Question

If 3x = a + b + c, then the value of (x − a)³ + (x −b)³ + (x − c)³ − 3(x − a) (x − b) (x −c) is

Options

• a + b + c

• (a − b) (b − c) (c − a)

• 0

• none of these

Answer 1

The given expression is

 (x − a)³ + (x −b)³ + (x − c)³ − 3(x − a) (x − b) (x −c)

Recall the formula

`a^3 +b^3 +c^3 - 3abc = (a+b+c)(a^2 + b^2+ c^2  - ab - bc +_ ca)`

Using the above formula the given expression becomes

(x − a)³ + (x −b)³ + (x − c)³ − 3(x − a) (x − b) (x −c)

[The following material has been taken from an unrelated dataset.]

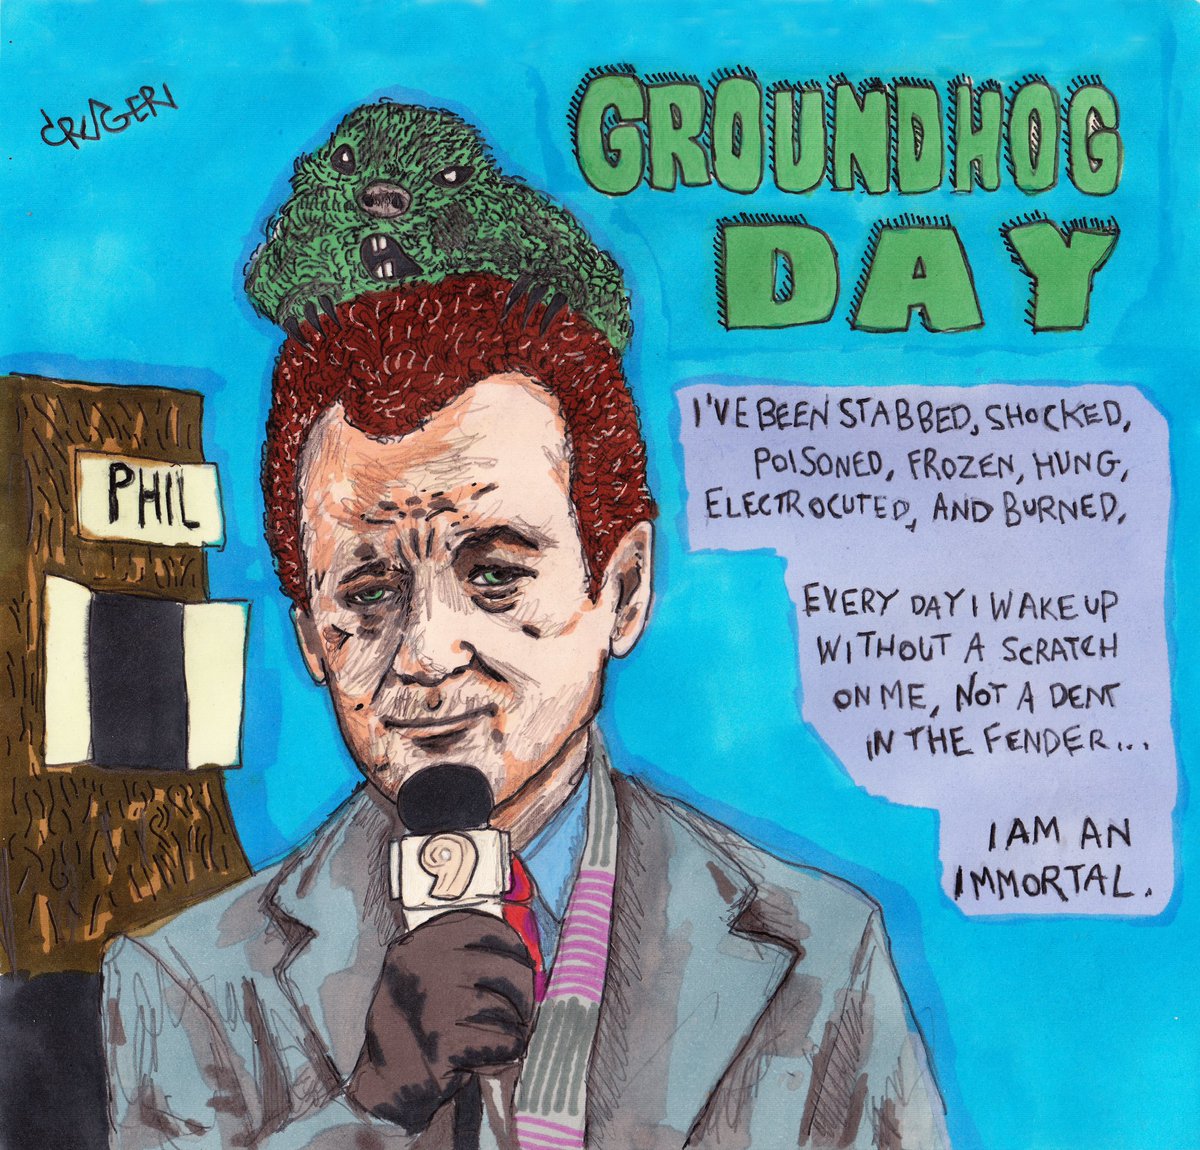 2. Groundhog Day (1993)

`{(x-a) +(x-b) + (x-c)} {(x-a)^2+(x-b)^2+(x-c)^2 -(x-a)(x-b)-(x-b)(x-c) - (x-c)(x-a)}`

`(x-a +x-b+x -c) {(x-a)^2+(x-b)^2+(x-c)^2 -(x-a)(x-b)-(x-b)(x-c) - (x-c)(x-a)} `

`(3x-a -b-c) {(x-a)^2+(x-b)^2+(x-c)^2 -(x-a)(x-b)-(x-b)(x-c) - (x-c)(x-a)}`

Given that

`3x = (a+b+c)`

` ⇒ 3x -a-b-c =0`

Therefore the value of the given expression is

(x − a)³ + (x −b)³ + (x − c)³ − 3(x − a) (x − b) (x −c)

`= 0.{(x-a)^2+(x-b)^2+(x-c)^2 -(x-a)(x-b)-(x-b)(x-c) - (x-c)(x-a)}`

`=0`